What about living this virtue in the workplace? Are we in a position that requires us to keep information confidential?  Do we abide by this policy?  Do we manipulate people to get information in the workplace for our benefit? These are all questions that can serve as an examination of conscience.

I'm sure we have all experienced the person who has approached us saying, " Don't tell anyone, but..."  Or, " I'm not supposed to say anything, but..." When this statement shows its ugly head, we should stop the person in their tracks before we give them permission to reveal a confidence.  We should do this charitably, of course, by simply saying, "I'm sorry, please don't tell me, I don't need to know this." (Please note, I am not speaking of things that must be reported, such as abuse, etc.)


St.
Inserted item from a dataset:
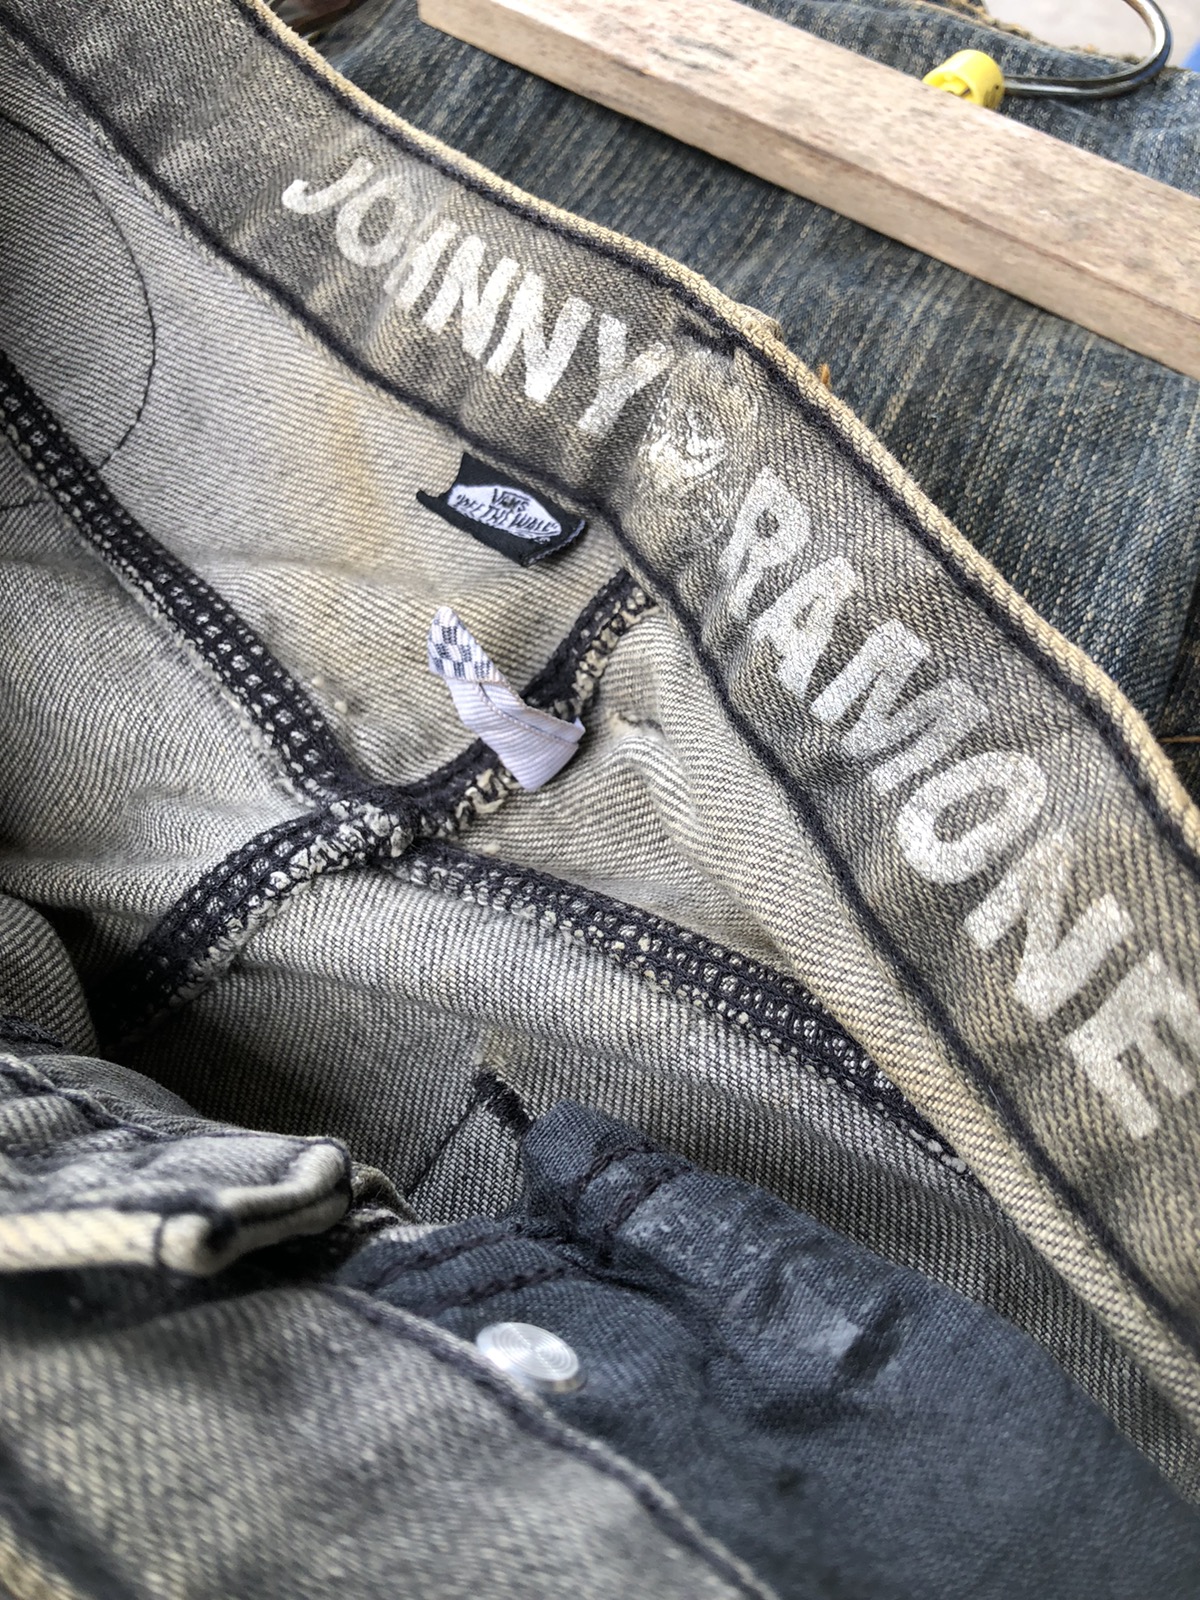 Vans Joey Ramone Black Rusty Washed Distressed Denim Pant - 9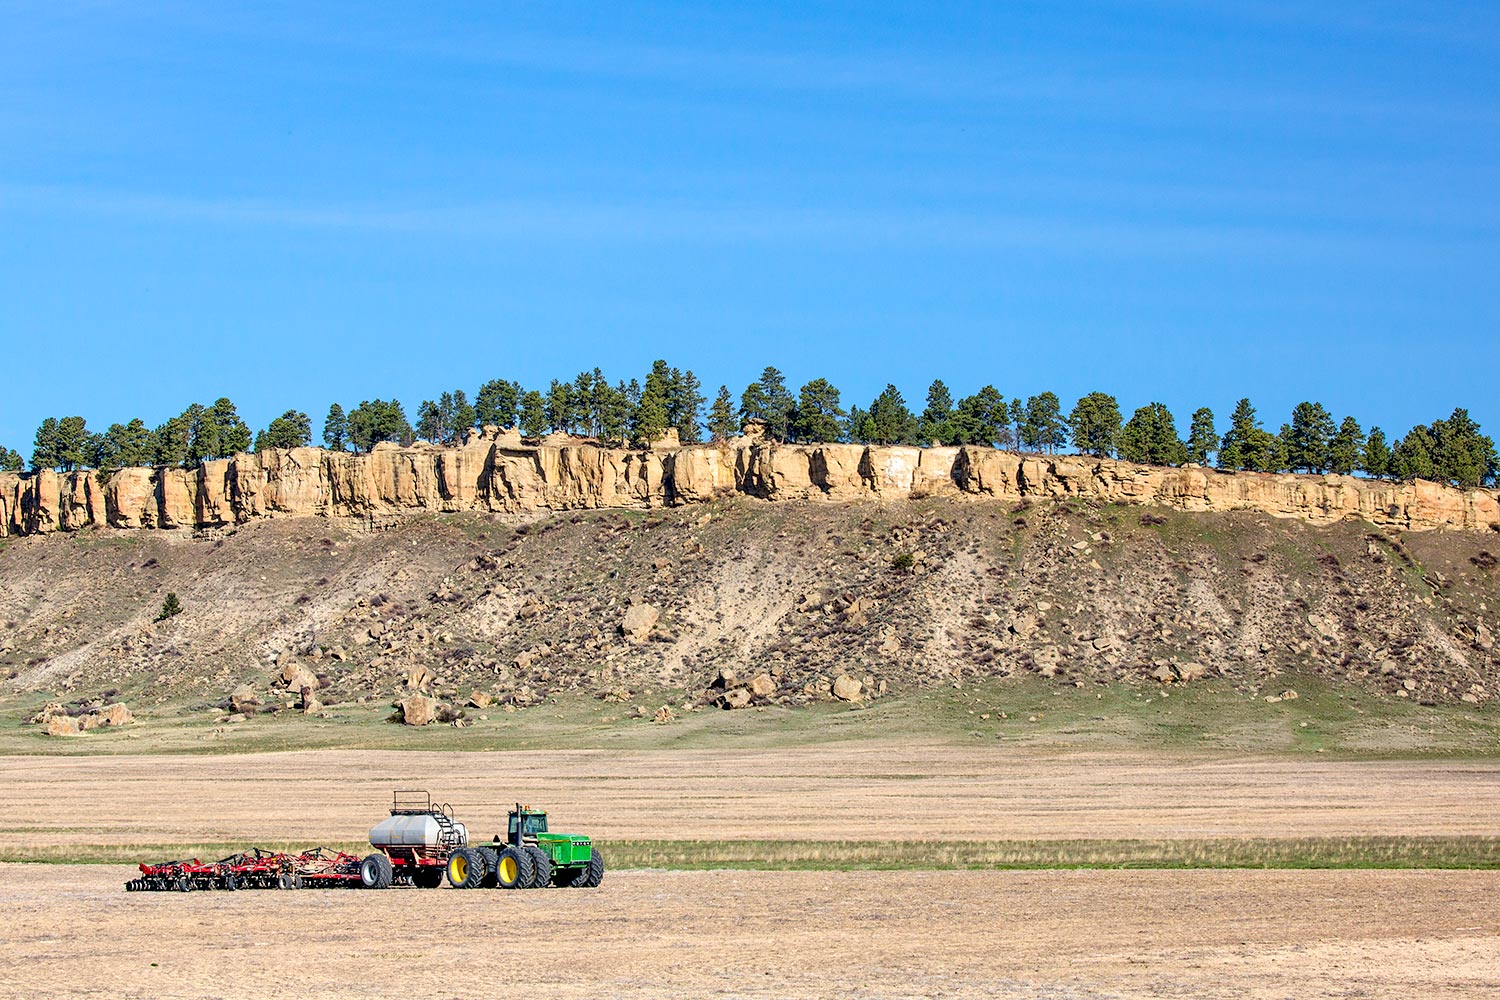 Farm equipment parked by the rimrocks near Ryegate, Montana.&nbsp;→ Buy a Print&nbsp;or License Photo

Bernadette is an example of heroic virtue in keeping a confidence. In her apparitions, she was given three secrets from our Lady that she never revealed her entire life.  People tried to get her to reveal the secrets.  They tried to figure it out by asking her certain questions. She would simply reply, "they concern only me." Some people may argue that she had special help from Our Lady to keep the secrets.  I respond that this same grace from the Holy Spirit is available to us, as well. 

When we think of heroic virtue in a saint, we don't usually think of the virtue of being able to keep hidden the secrets of the Lord. Human nature usually cries out for us to reveal to all who will listen what special favors the Lord has given us.  In the spiritual life, people can get caught up in "journaling," writing down every experience that takes place and analyzing and record keeping...this can be a form of vanity and spiritual pride. One needs a spiritual director to understand the motivation to write down his or her experiences.

What about the virtue of keeping silent about our spiritual woks and good deeds? Do we tell people we are fasting?  Do we tell people we are keeping a prayer vigil?  Do we tell people we get up early or stay up late to pray?  Do we account all we have done in charity in the past week?  Do we tell people about our every ache and pain and family problem and work problem and so on... Can we not suffer these things in silence to mortify ourselves and foster the virtue of humility? Can we not keep hidden these sufferings so that they go unnoticed in the world, but pleasing in the Lord's eyes? Let us challenge ourselves to live like the saints.  When reading a saint's biography, consider that there was so much more about the person that was left unsaid. May God be praised!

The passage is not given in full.